━━━━━ Given data ━━━━━
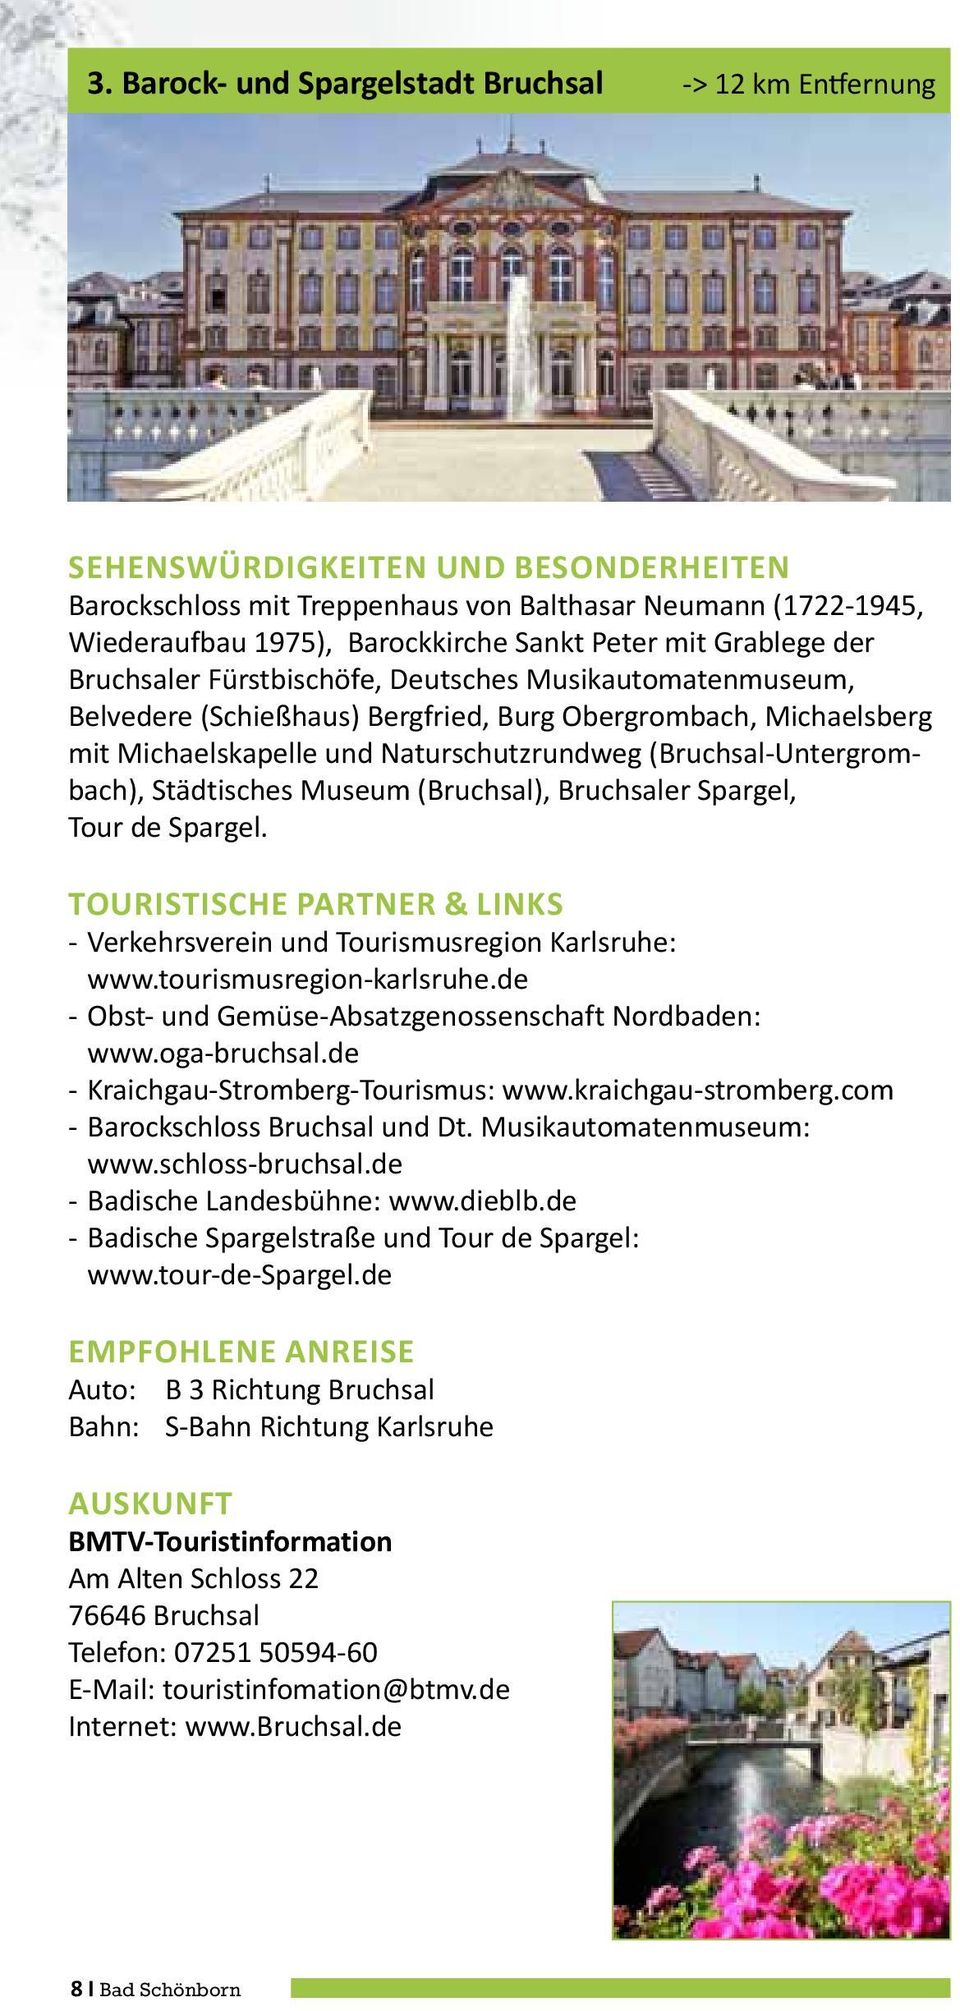 Museum (Bruchsal), Bruchsaler Spargel, Tour de Spargel. - Verkehrsverein und Tourismusregion Karlsruhe: www.tourismusregion-karlsruhe.de - Obst- und Gemüse-Absatzgenossenschaft Nordbaden: www.
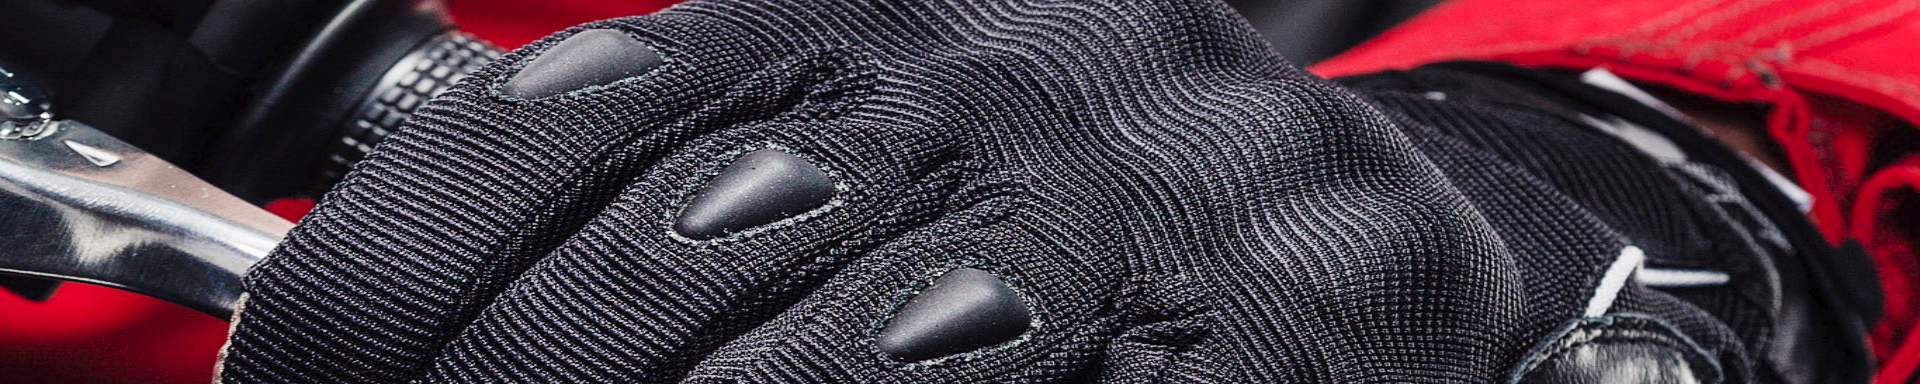 Gloves | MunroPowersports.com | Munro Industries mp-1008030308
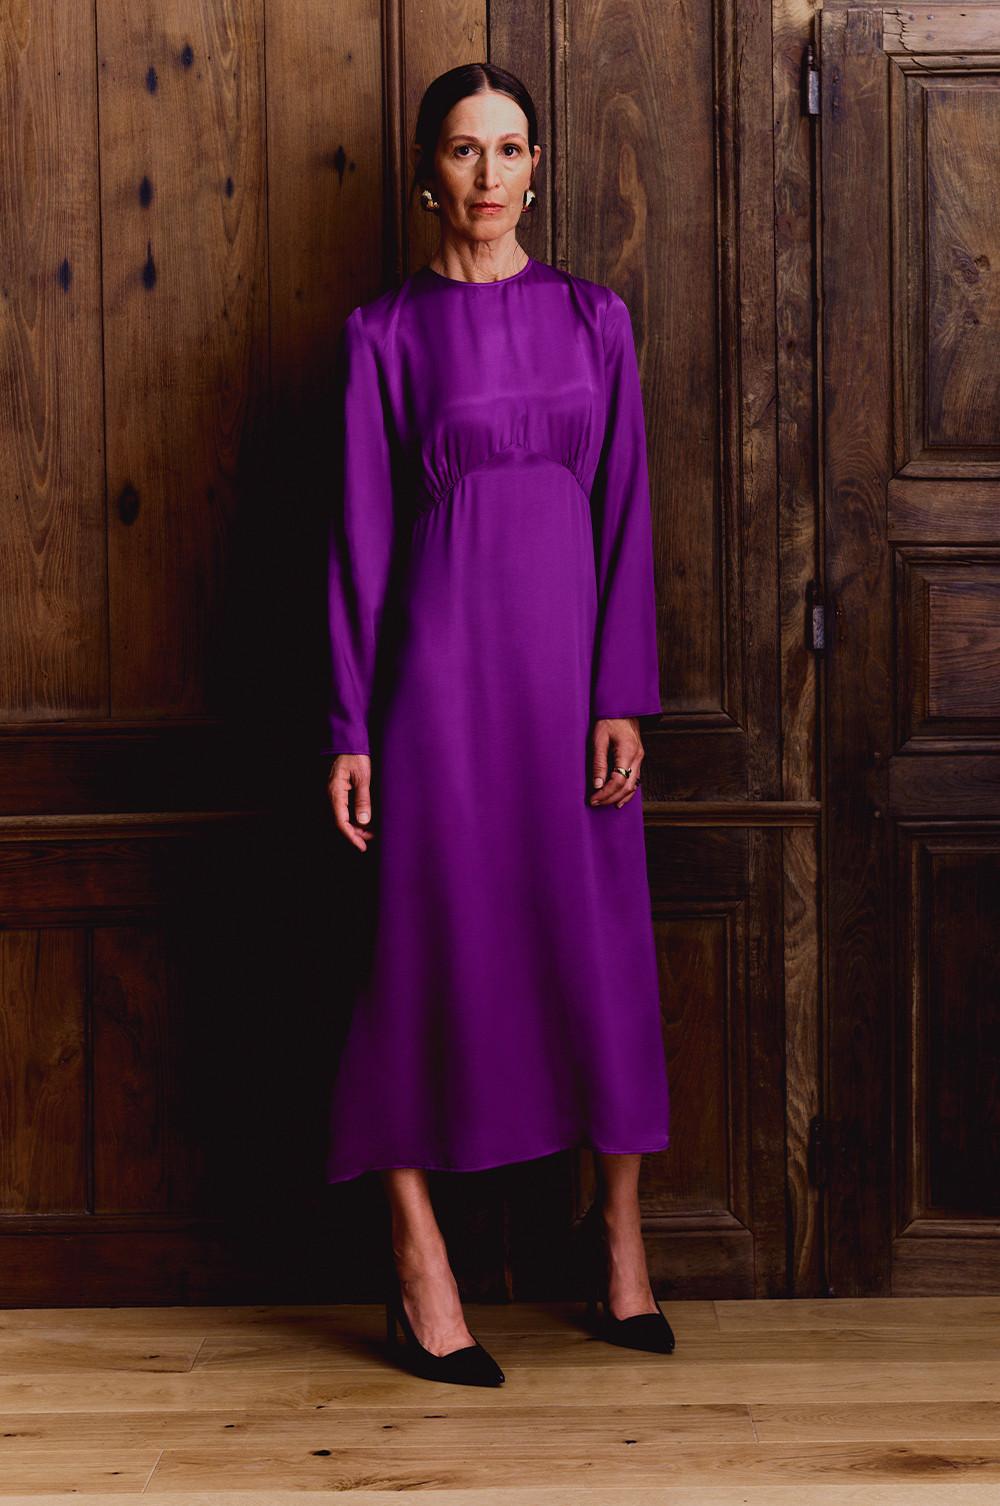 model wears purple satin dress
━━━━━
Requirement: Find the line containing "Gloves | MunroPowersports.com", then extract it and every line after it to the end of the data above, exactly and nothing else, without pictures.

Solution to this exercise:
 Gloves | MunroPowersports.com | Munro Industries mp-1008030308
 model wears purple satin dress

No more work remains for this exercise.